“What to watch recommendation” and our Film2vec model
To deliver the best content to the right users we utilize asset metadata - movie or series features like genre, length, stars, etc. - but that has some limitations to it. The set of possible tags for assets is always finite, and adding extra data manually costs time and money.
To improve things further, we use viewing behavior to generate some more features for the assets - at virtually no extra cost. In fact, we created an algorithm that converts assets to vectors based solely on views, which gives us a new set of features to better describe them.
Our algorithm is based on the generic node2vec model that converts nodes in a graph into vectors. The idea is that nodes that are close to each other in the graph should be close to each other in the vector space. In many cases, the shortest path between two nodes could be a good definition of the closeness between them. In cases when the graph is so dense that almost every pair of nodes has an edge, one can use weights for edges - the higher the edge weight, the closer the nodes are.
One of the famous implementations of the node2vec models is the word2vec model presented by Tomáš Mikolov and associated researchers in 2013. The word2vec algorithm uses a neural network model to learn word associations from a large corpus of text, and represents each distinct word with a particular vector. The closeness of two words is given by the number of occurrences of the pair in the same context (within n words apart in the same text).
Most neural network models require structured data (e.g. matrices) for training , and graphs do not provide that. One way to overcome this - also, the one we decided to take - is to generate data points using random walk on the graph. One can start at a random node and, from there, sample an edge to get to an adjacent node. If the graph has weighted edges, the weights can be used to calculate transition probabilities.
That way, you generate a pair of origin and target nodes. To be able to train the model, you also need to generate some negative samples - randomly-selected nodes other than the two that have already been selected. You can then mix the target node with the negative samples. Note that this step is completely optional; sometimes we talk about neural networks in the context of artificial intelligence, but this network cannot even figure out that the target node is always the first one :).
The model input is the index of the origin node and indices of the target node together with the negative samples. The ground truth for output is an array with zeros on positions of the negative samples and one on position of the target node.
The inputs and outputs are fed into a neural network with just three layers. First is an embedding layer that is shared between the origin node and the other nodes. It’s literally just a matrix of weights from which the model takes the corresponding row (vector) for a given asset. The next layer calculates dot product between the origin node and all other nodes. The resulting array is fed to a softmax layer that produces numbers between 0 and 1 that are compared with the ground truth. The error is propagated back to the weights in the embedding matrix.
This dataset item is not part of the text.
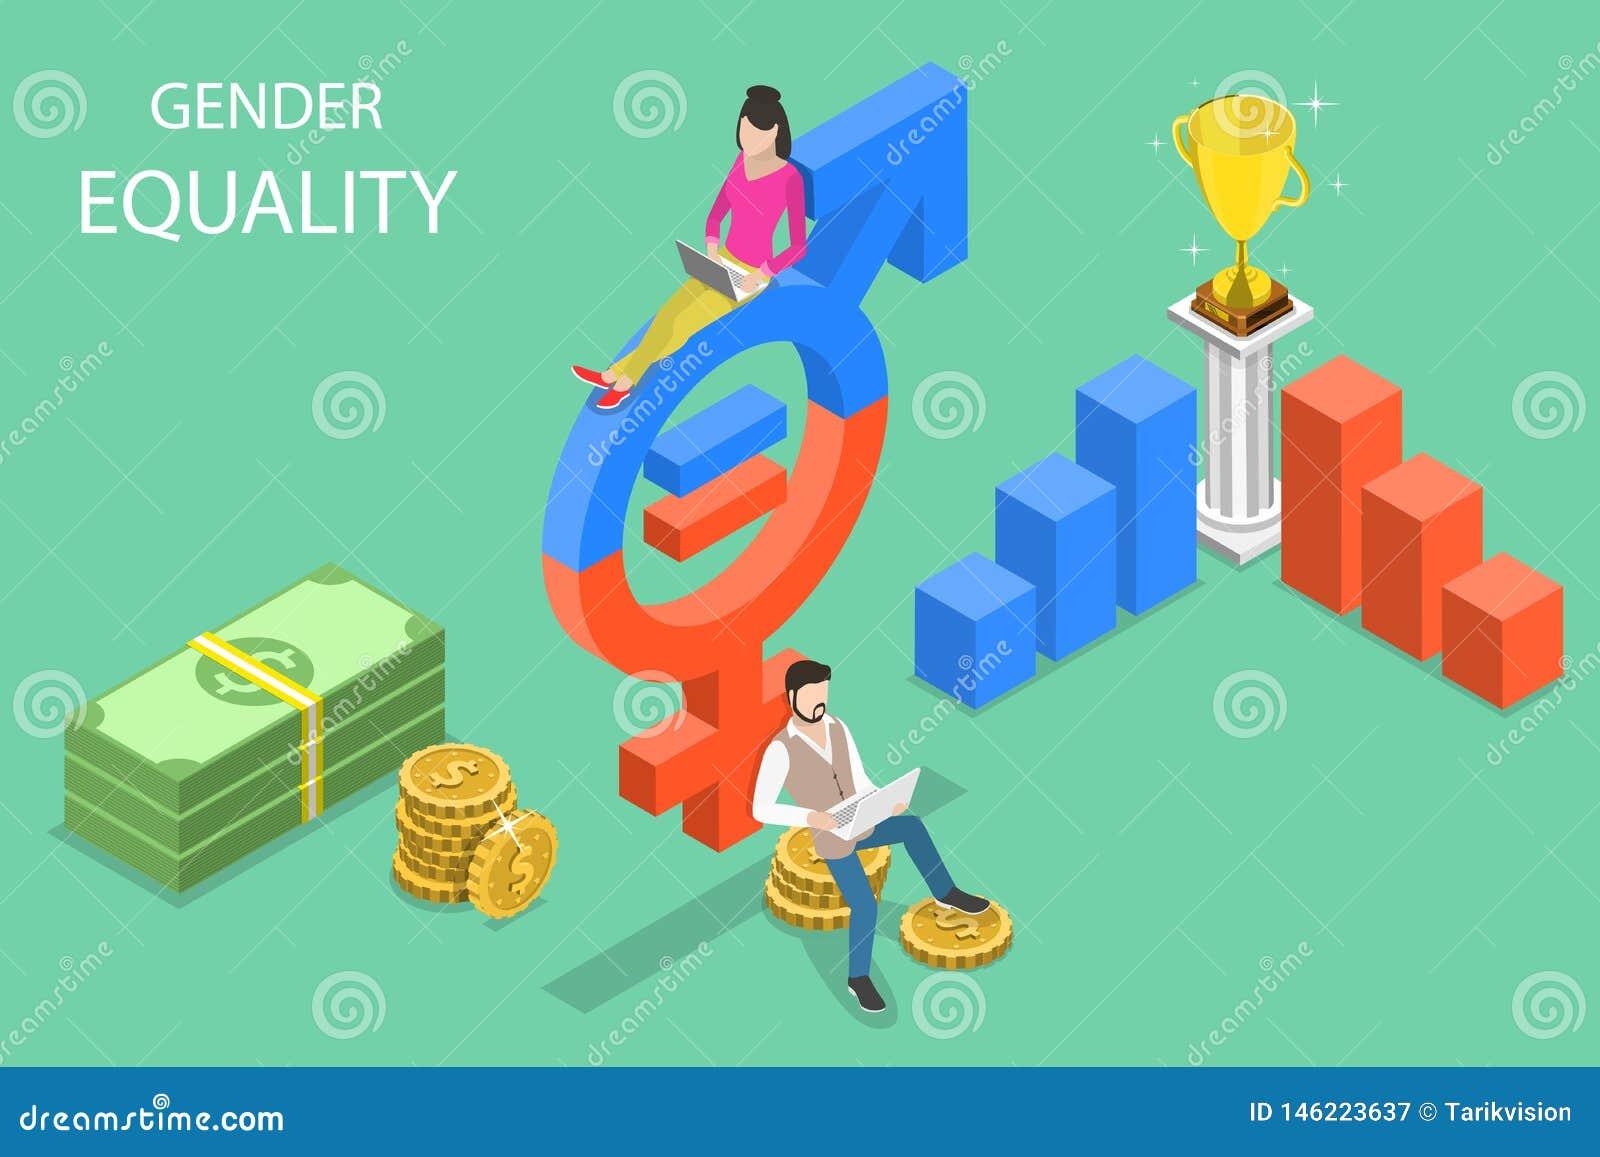 男女平等、男性和女性平等权利的等量平的传染媒介概念

In our case, we don’t search for vectors representing words, we search for vectors representing each of the movies and series in our library. Another difference in our case is that our graph is bipartite. That means that we have two types of nodes - assets and users - with the edges between them representing the user watching the asset. That leads to two possible solutions for how to generate training data for the model.
The first one is to use the bipartite graph as it stands with a two step random walk. We start at a random asset and do a step to a random user that watched the asset. Then we do the second step to another asset that the user also watched (excluding the original asset). This leads to a straightforward generalization of the original idea. But the graph size is proportional to the product of number of users and number of assets which is too big for us to work with.
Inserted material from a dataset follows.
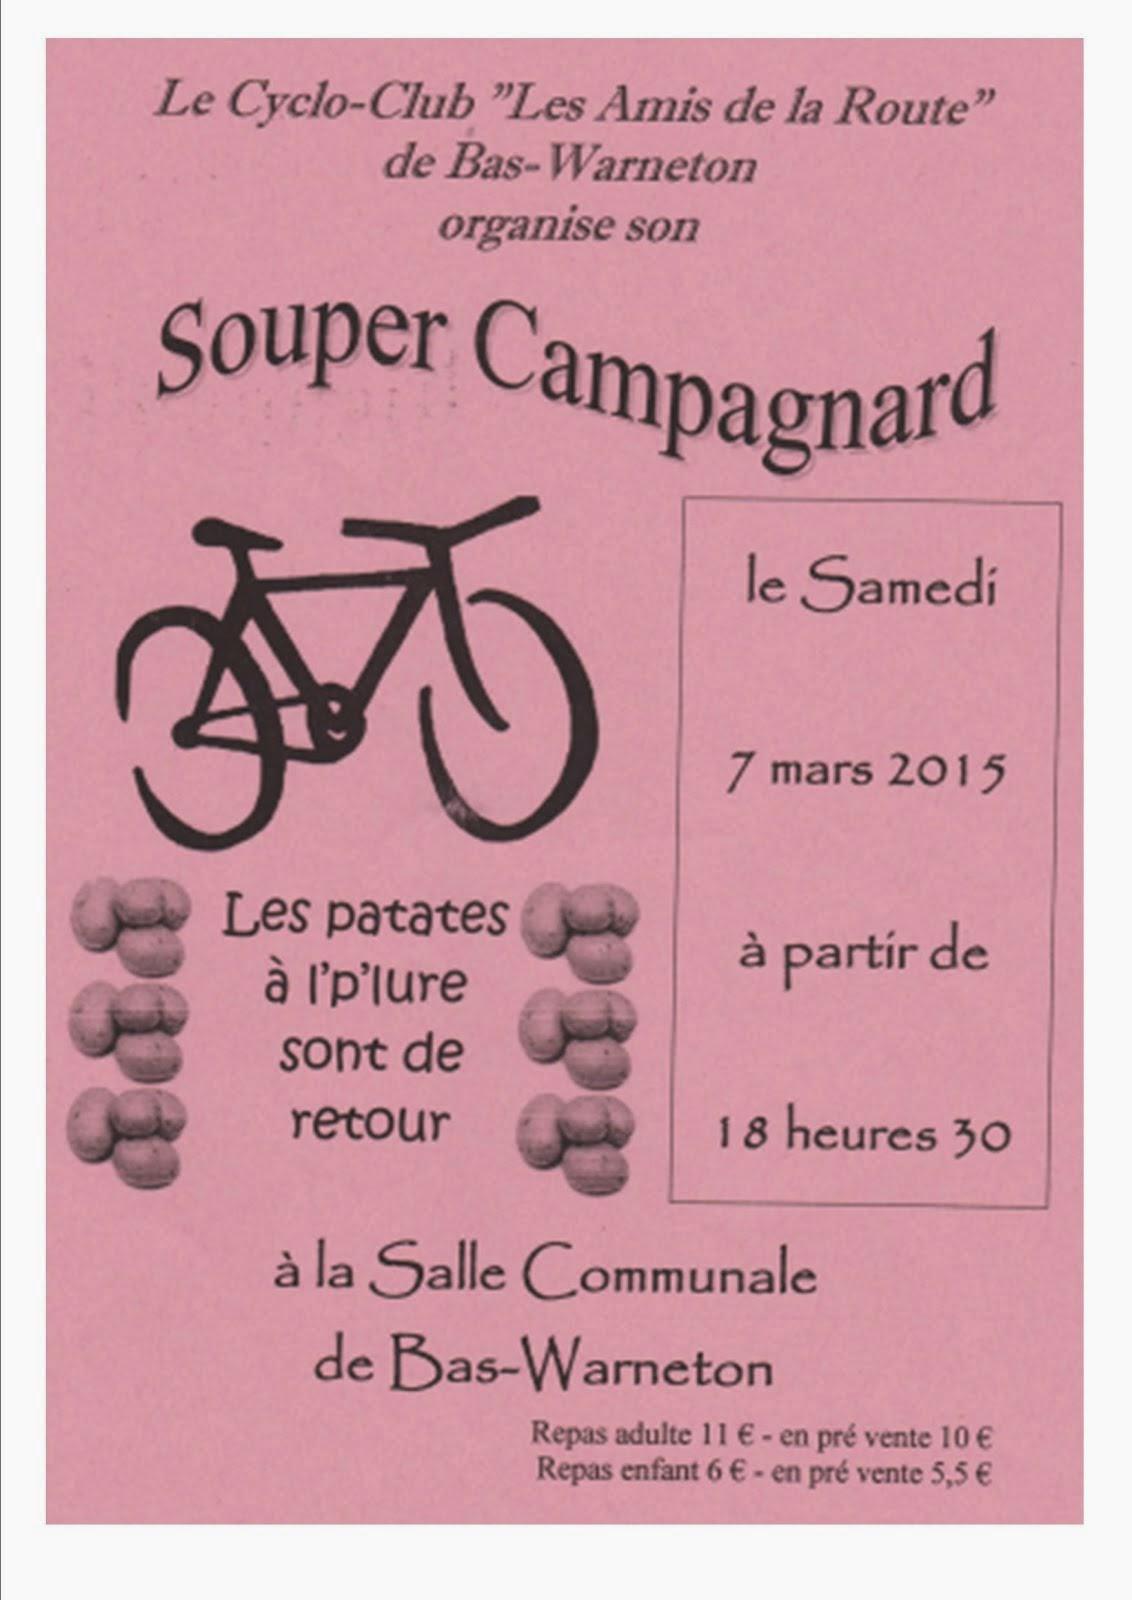 """7-mars 2015 Repas du Cyclo-Club """"Les amis de la route"""" de Bas-Warneton l"""

Another solution is to use a weighted graph with assets only. The edge weights are equal to the number of users that watched both of the assets. Then we can get back to the one-step random walk using probabilities proportional to the edge weights. The graph size is “only” quadratic in number of assets, which is much easier to work with. Both methods lead to very similar results, so we picked the one that fit into memory.
Using this method, we generate one data point. Obviously, we need much more. So we generate dozens or hundreds of data points that we use for multiple training epochs to maximize the utilization of the generated data. Then we can generate another dataset for the next season (that’s what we call epochs on the same training set), and repeat the process. After a few seasons, the embedding matrix contains vectors that represent the assets.
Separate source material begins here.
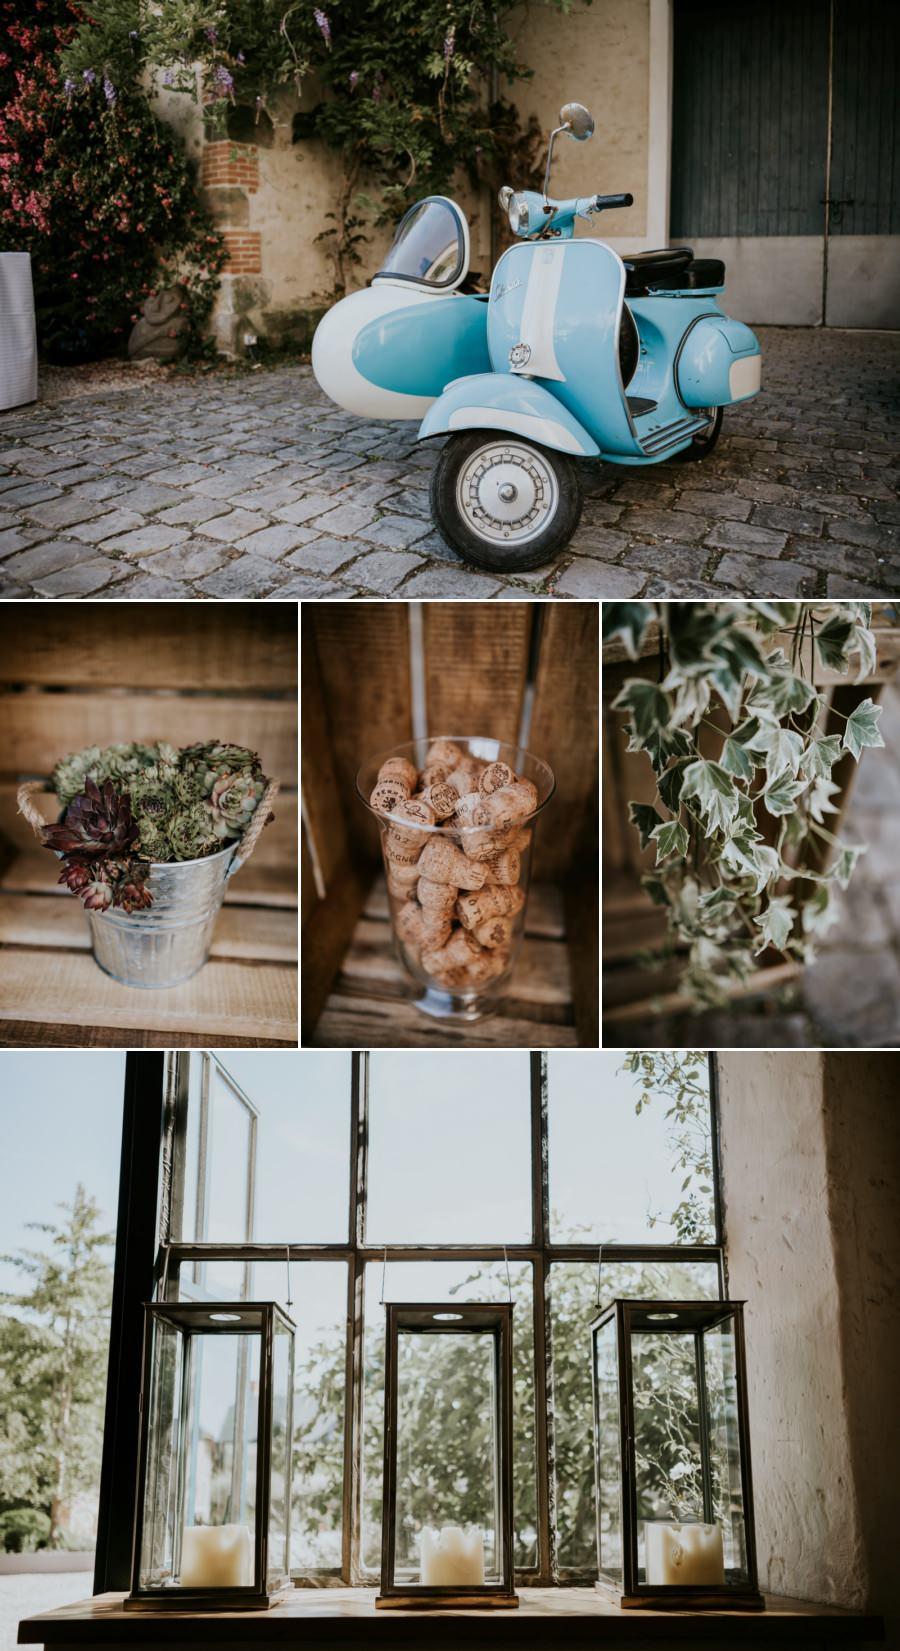 Décoration végétale domaine de Quincampoix - photos de mariage

The vectors themselves cannot be used for any content recommendation, and require some model on top of them to be any useful. As we mentioned above, the vectors can be used as a set of extra features that can enhance assets in any existing recommendation engine. Apart from that, we came up with a few other applications:
- Calculate vectors for all users by aggregating vectors of assets that they watched — the users’ vectors in this case represent their taste or preferences. Then we can recommend assets to users based on dot products between their vectors and the vectors of the assets. Note that the vectors don’t tell much about the quality or popularity of the asset, so this should be done only with a pre-selected set of assets.
- We can use it to assign metadata to assets or find issues with existing metadata. For example, if an asset has neighbors (in terms of dot product between their respective vectors) that are all historical romances, it is expected that the asset itself is also a historical romance.
- Make clusters of similar assets that work both for content recommendations and further analyses — it greatly helps us understand the types of content we have on our platform.
We started this as a small and fun project just to see whether something like this was even possible. It turned out to be a great model, and whenever you enter the Showmax app you’ll see content that has been ordered by it. We’re still exploring other ways that it can help us with our daily tasks.